Beginning Gardener: Class 4-Walking You Through What You Need To Know

This is the fourth and final installment of my beginner gardening tutorial. For this class I decided to list some of my favorite books and growing aides. The book list is by no means exhaustive but I have some that have truly helped me form the backbone of my gardening approach. These products have definitely helped me combine some key gardening concepts that I have incorporated into my understanding of soil, compost, growing, harvesting and disease/pest control.

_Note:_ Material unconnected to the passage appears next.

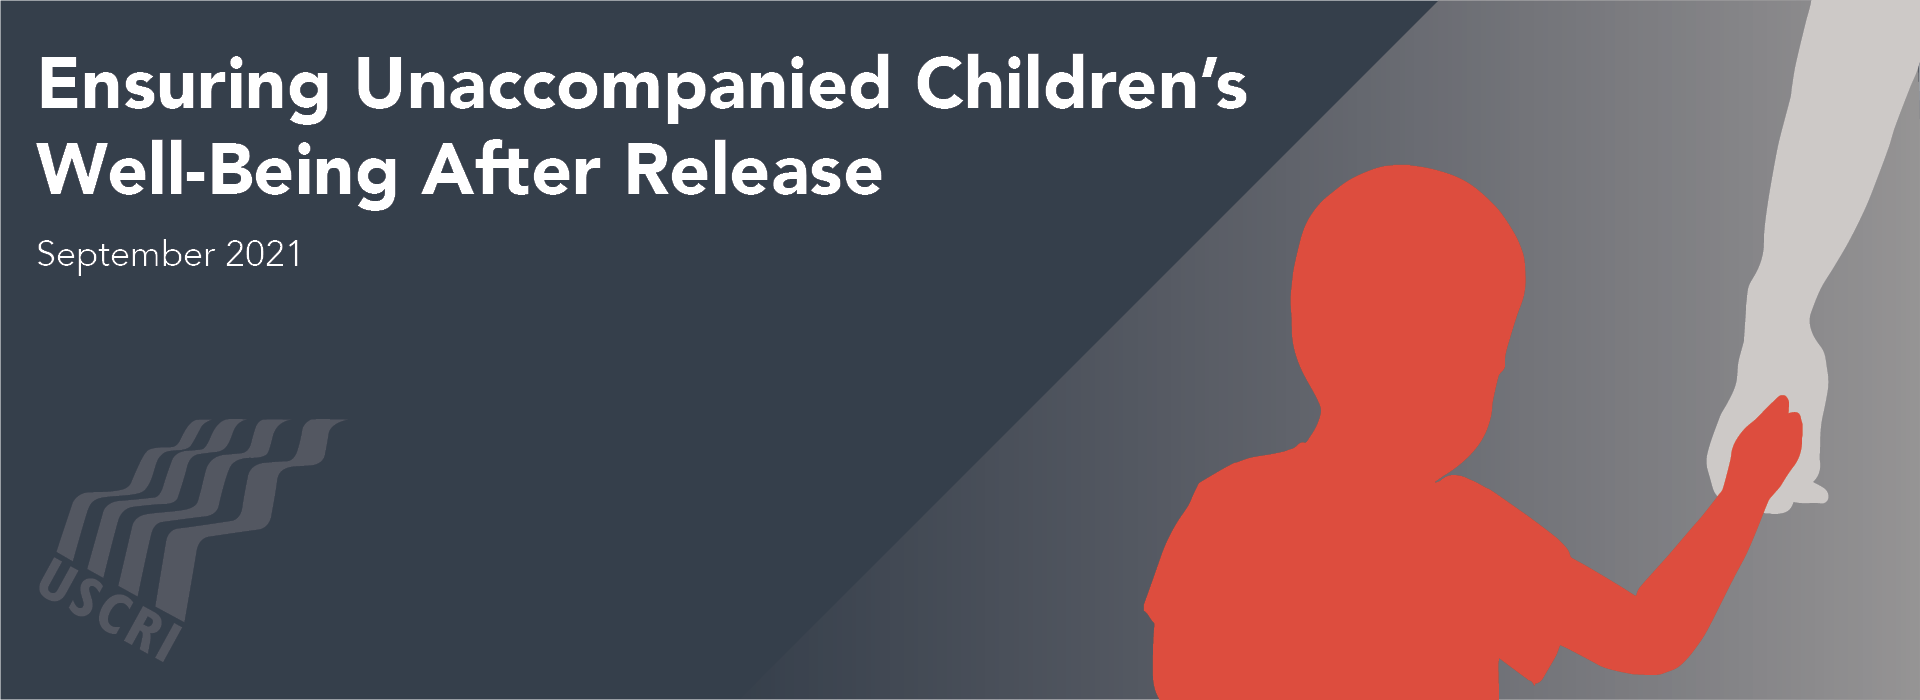 ensuring unaccompanied children well-being after release

Find the first three classes here:
Beginning Gardener: Class 1
Beginning Gardener: Class 2
Beginning Gardener: Class 3

One of the first things I suggest is learning about what is on the cutting edge of gardening ideas. Thoroughly investigating several new concepts helped me merge and arrange them into what would work the best for me and my local growing conditions. The first idea is something I saw emerge a few years ago to help with dry/poor soil growing conditions. This was developed in Africa and is called keyhole gardening. This is a really good video about how to create one of these beds and I recommend this video for anyone creating raised beds. We are all aware of water usage limitations and creating a low water bed is not only smart for those of us in high heat/dry areas but for anyone who wants to cut down on supplemental water usage. The center of these beds have a compost area and this compost feeds the bed and offers an easy way to keep the bed hydrated.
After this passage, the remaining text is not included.